My tolerance for gruesomeness is kind of low, so I won’t get into vivid detail. Don’t get me wrong. McKibben doesn’t write anything that makes me want to close the book and walk away. This fairly long quote does a good job of explaining his point:

There is a tendency at every important but difficult crossroad to pretend that it’s not really there. We like to imagine that we’ve already crossed a bridge or not yet come to it. Some people tend not to worry much about genetic engineering, for instance, because they think it’s an extension of traditional practices, such as selective breeding. But nature put definite limits on such activity: Mendel could cross two peas, but he couldn’t cross a pea with a pine, much less with pig, much less with a person. We could pen up chickens in atrocious batteries, but they still had heads. There were restraints, in other words—limits. And our understanding of what those limits were helped define nature in our minds. Such notions will quickly become quaint. The idea that nature—that anything—could be defined will soon be outdated. Because anything can be changed. A rabbit may be a rabbit for the moment, but tomorrow ‘rabbit’ will have no meaning. ‘Rabbit’ will be a few lines of code, no more important that a set of plans for a 1940 Ford…”

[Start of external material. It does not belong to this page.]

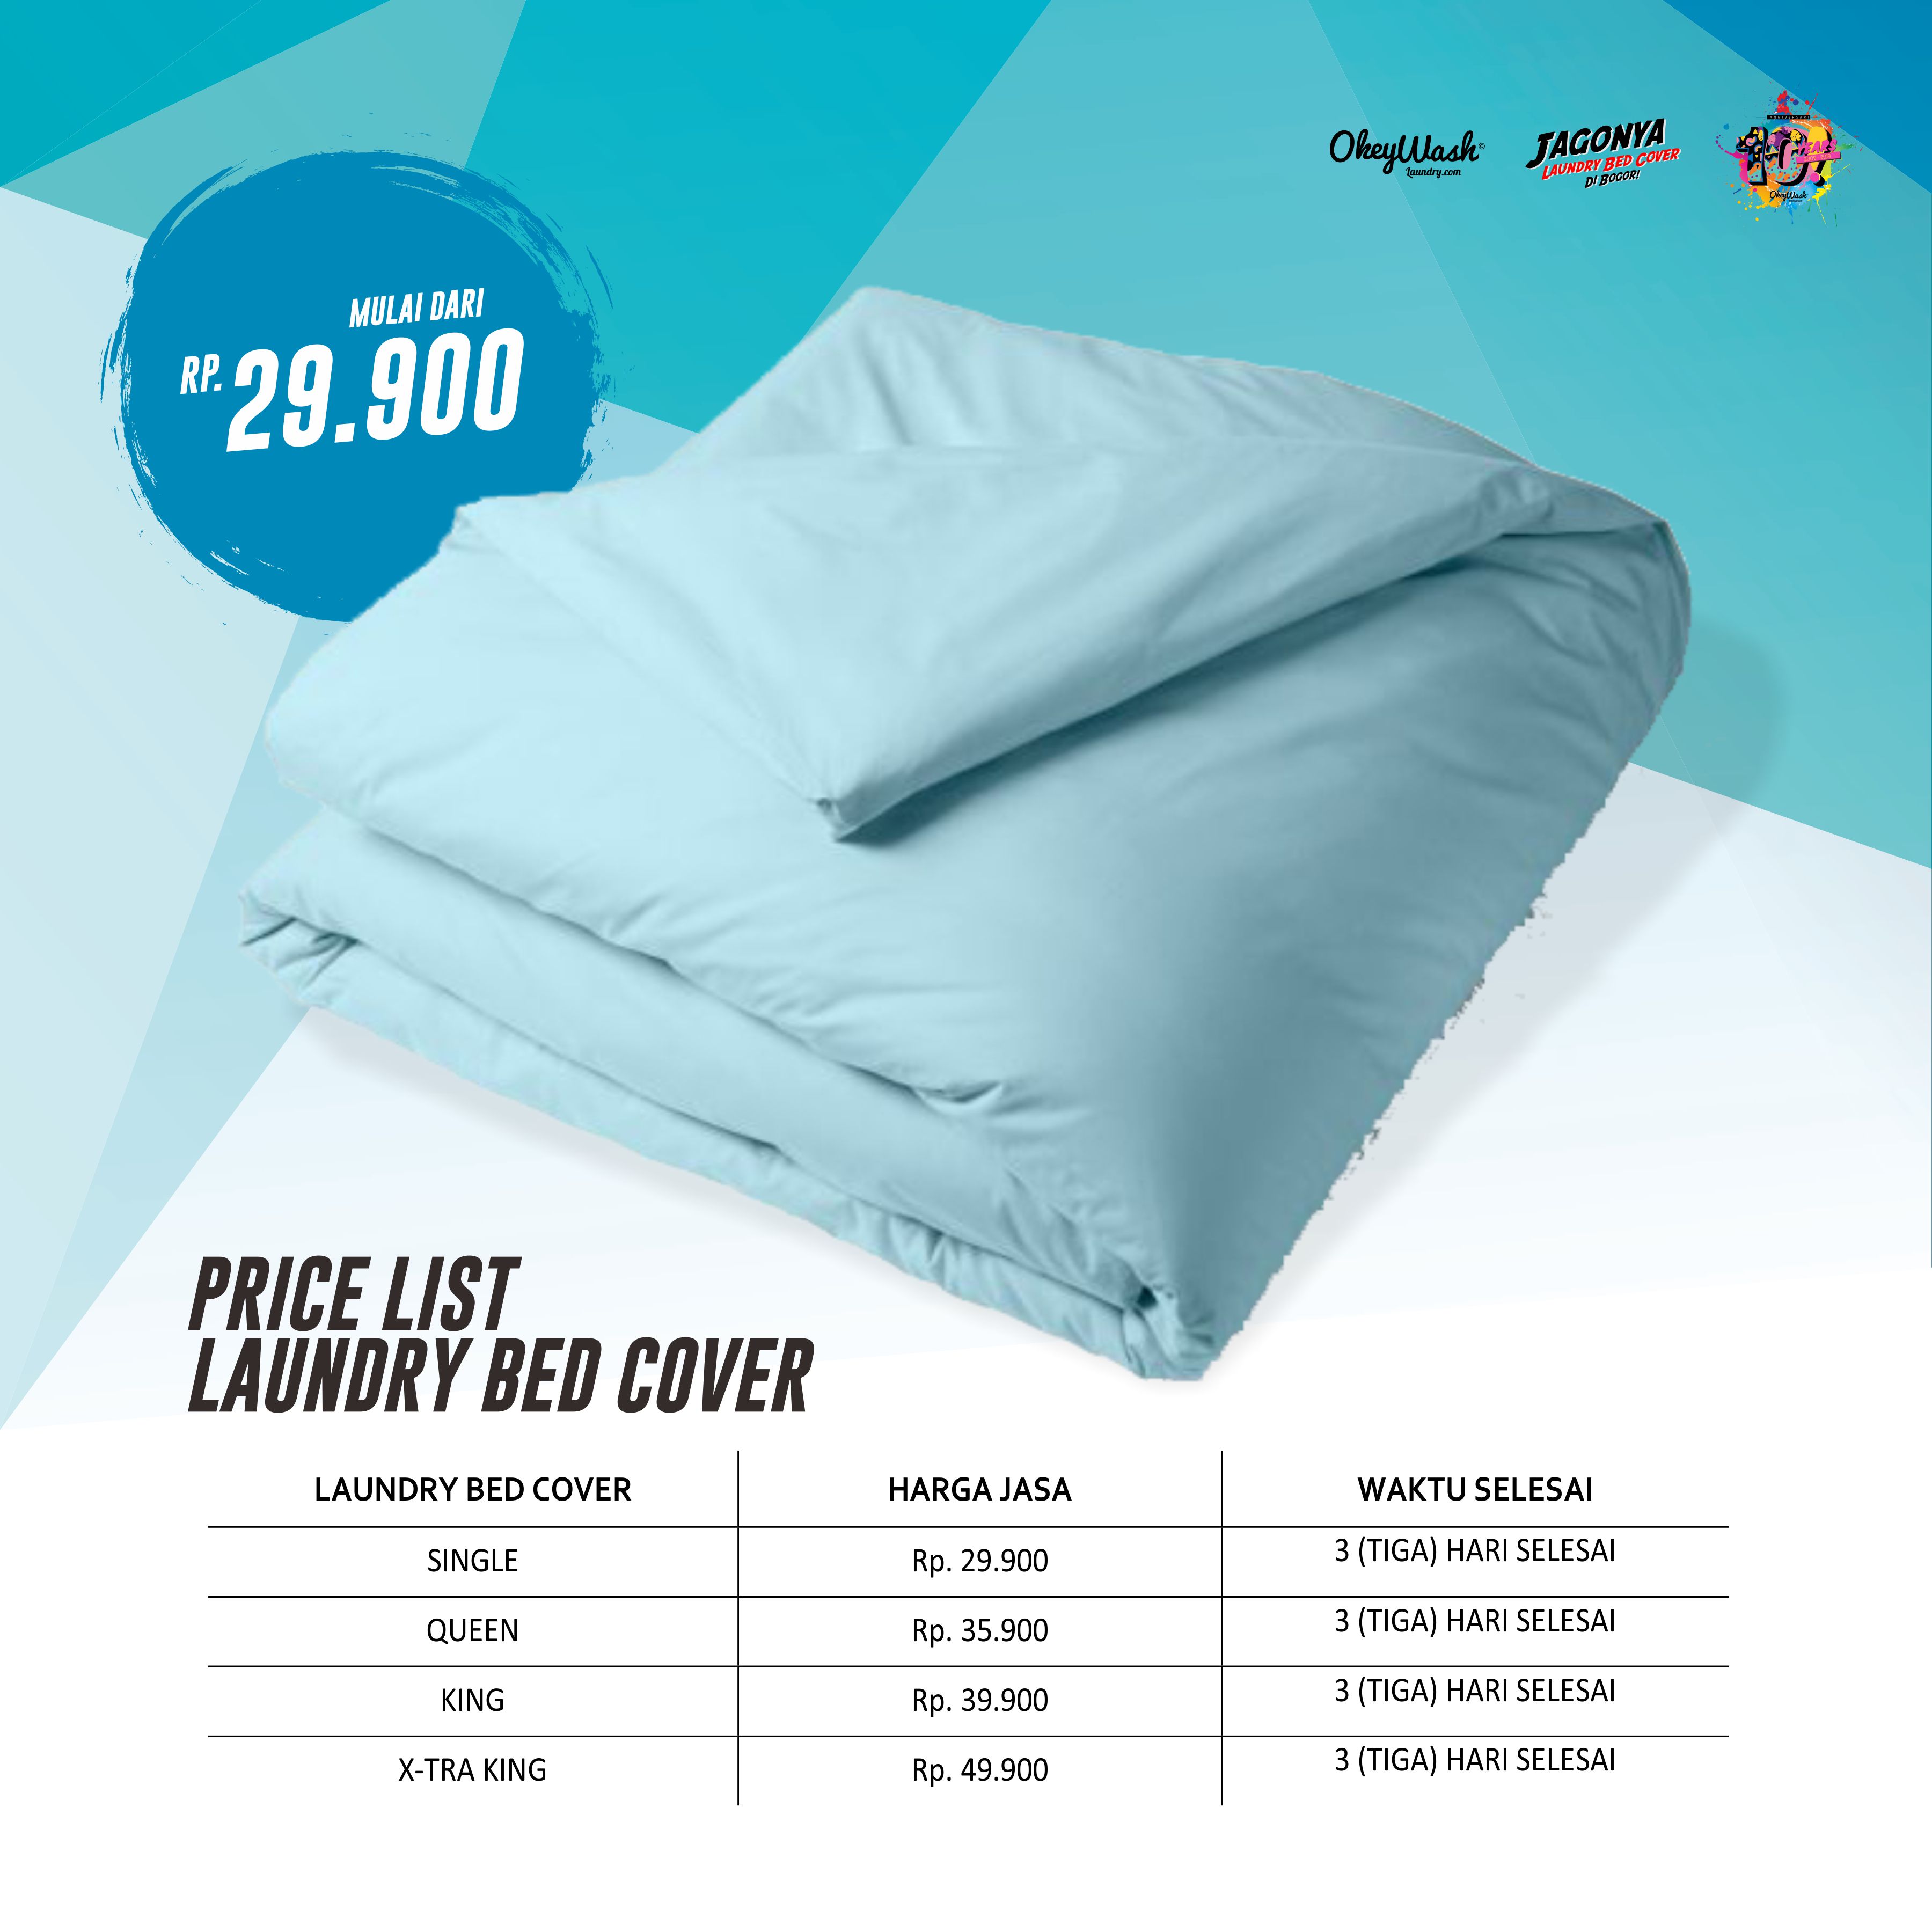 Price List Laundry Bed Cover 2021 - okeywashlaundry.com

An this makes be think of the 2045 project:

“‘Eventually,’ says Stableford, ‘there may well be a complete breakdown in the distinction between living and nonliving—the boundaries between the two will be blurred and filled in by systems which involve both the machinery of life and the machinery of metal, plastic, and glass.'”

“It is the logical outcome of our defiant belief that we must forever dominate the world to our advantage as we have dominated it in the last hundred years.”

“The idea that the rest of creation might count for as much as we do is spectacularly foreign, even to most environmentalists.”

“Many of those who take the biocentric view are, of course, oddballs, the sort who would walk two thousand miles instead of flying.”

I’m not sure I see things quite the way that McKibben does. I am less likely to be so completely at odds with minor tweaks of our natural environment. But I too, would also hate to see an end of nature. Surrounded by mass plantings of monocultures and hiding from the cold in either my house or my car, I feel very disconnected from nature. Much more than I have in years. I am hesitant to say that nature does not exist any more in an unaltered form. I believe it still does in Idaho. But at least where I live, except for some raptors, coyotes, song birds, and deer, my view of nature seems largely diminished from where I grew up.